> _What is expected_
Below are entries. Give back exactly the lines from the one containing "Crystal methamphetamine close up" through the one containing "Moro stava lavorando", inclusive, without the pictures.

> _Records for the task_
== Segment start ==
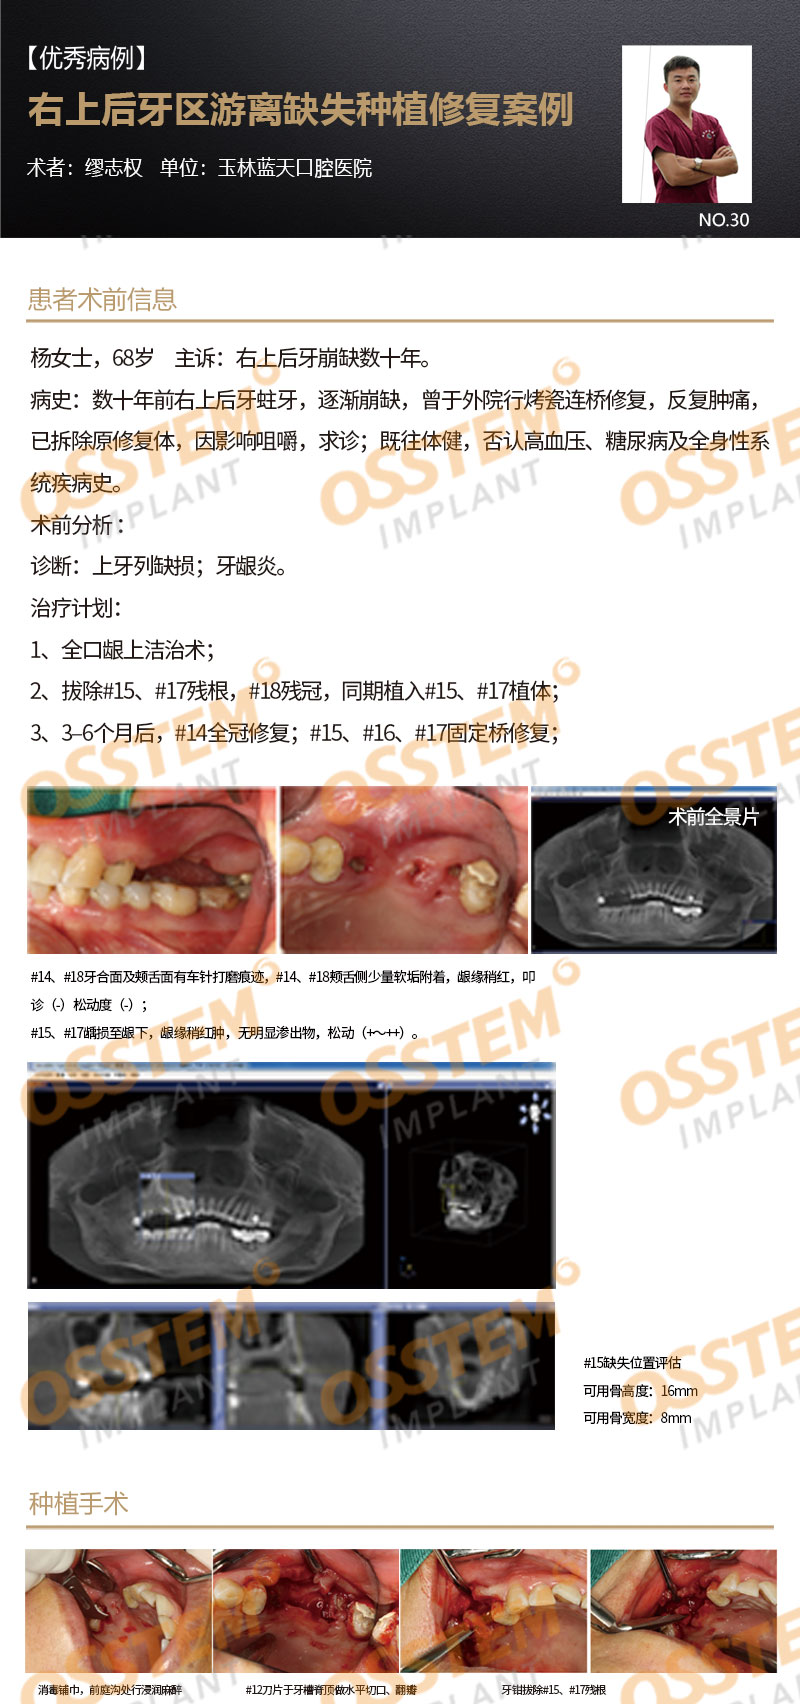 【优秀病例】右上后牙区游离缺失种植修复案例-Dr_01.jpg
== Segment end ==
== Segment start ==
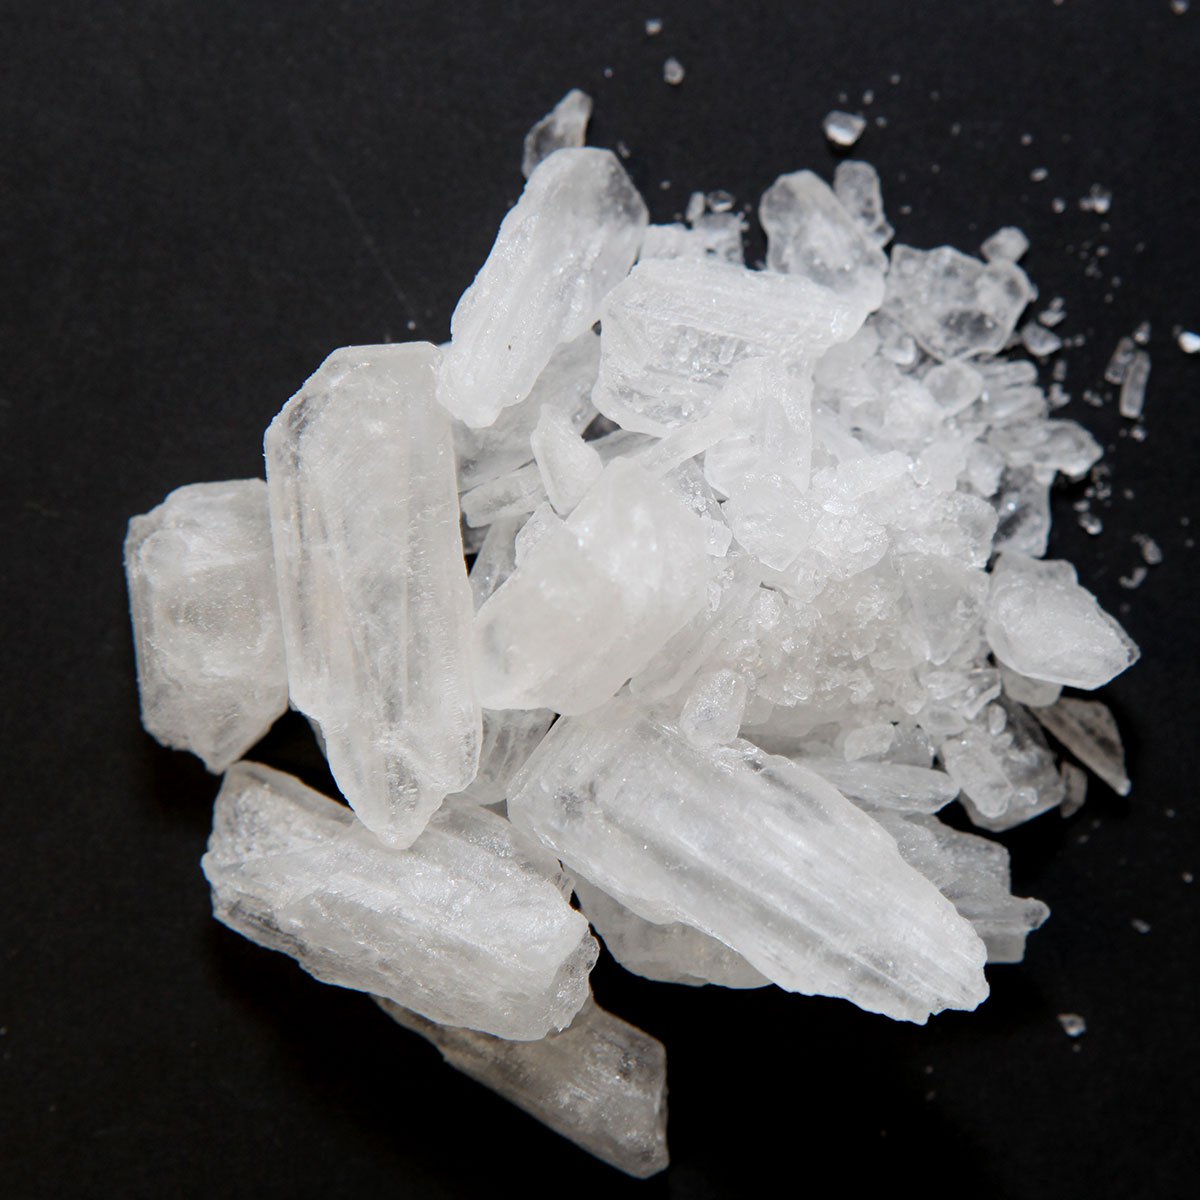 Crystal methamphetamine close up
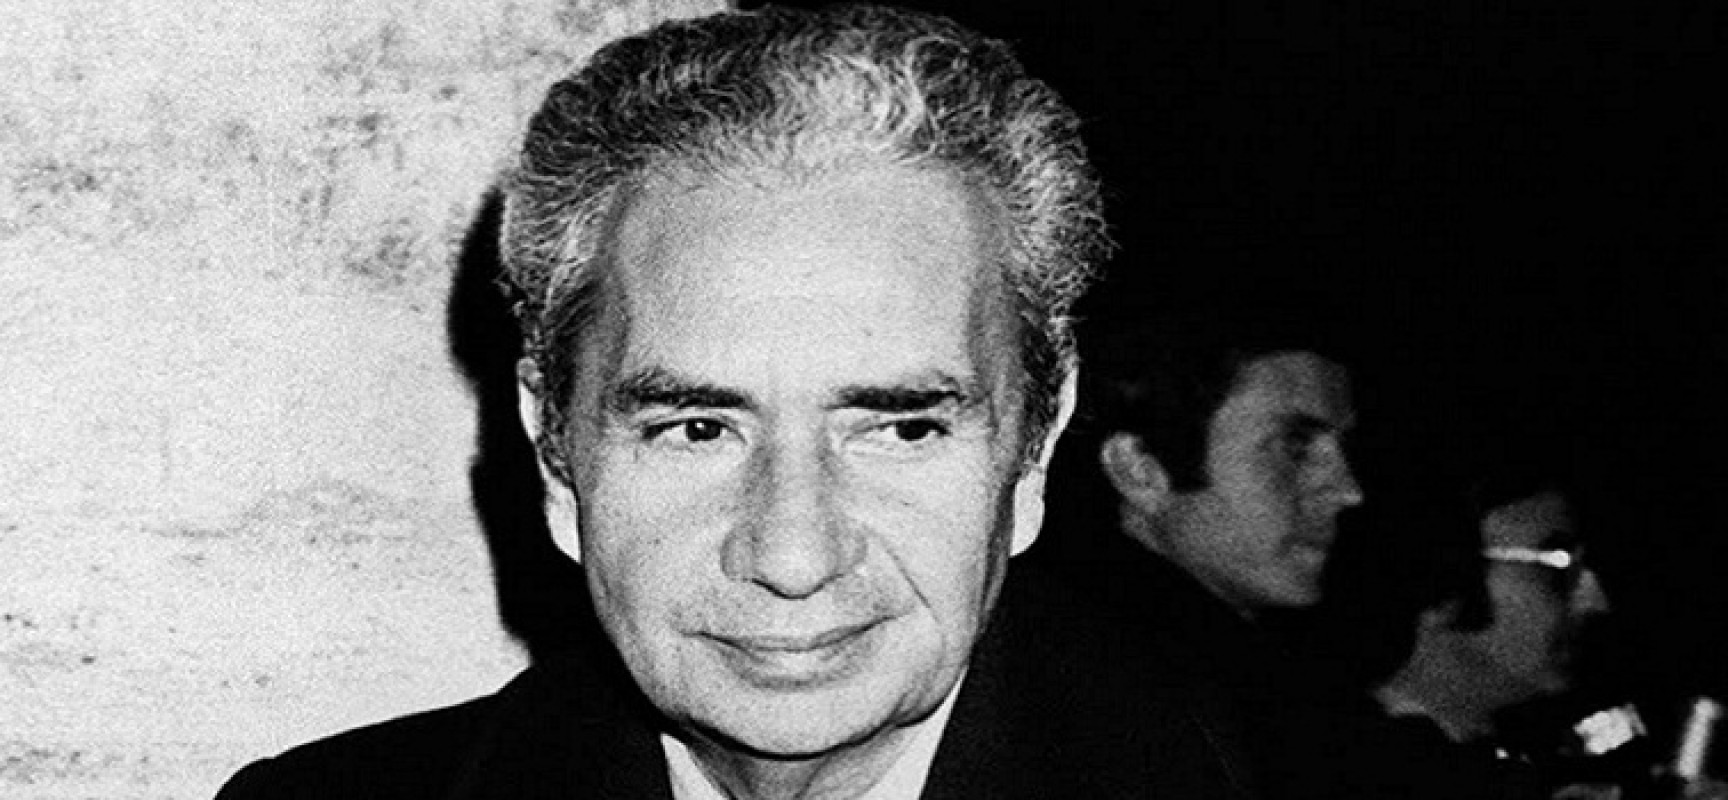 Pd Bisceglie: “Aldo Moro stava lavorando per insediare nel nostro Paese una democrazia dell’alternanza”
== Segment end ==
> _Your response_
 Crystal methamphetamine close up
 Pd Bisceglie: “Aldo Moro stava lavorando per insediare nel nostro Paese una democrazia dell’alternanza”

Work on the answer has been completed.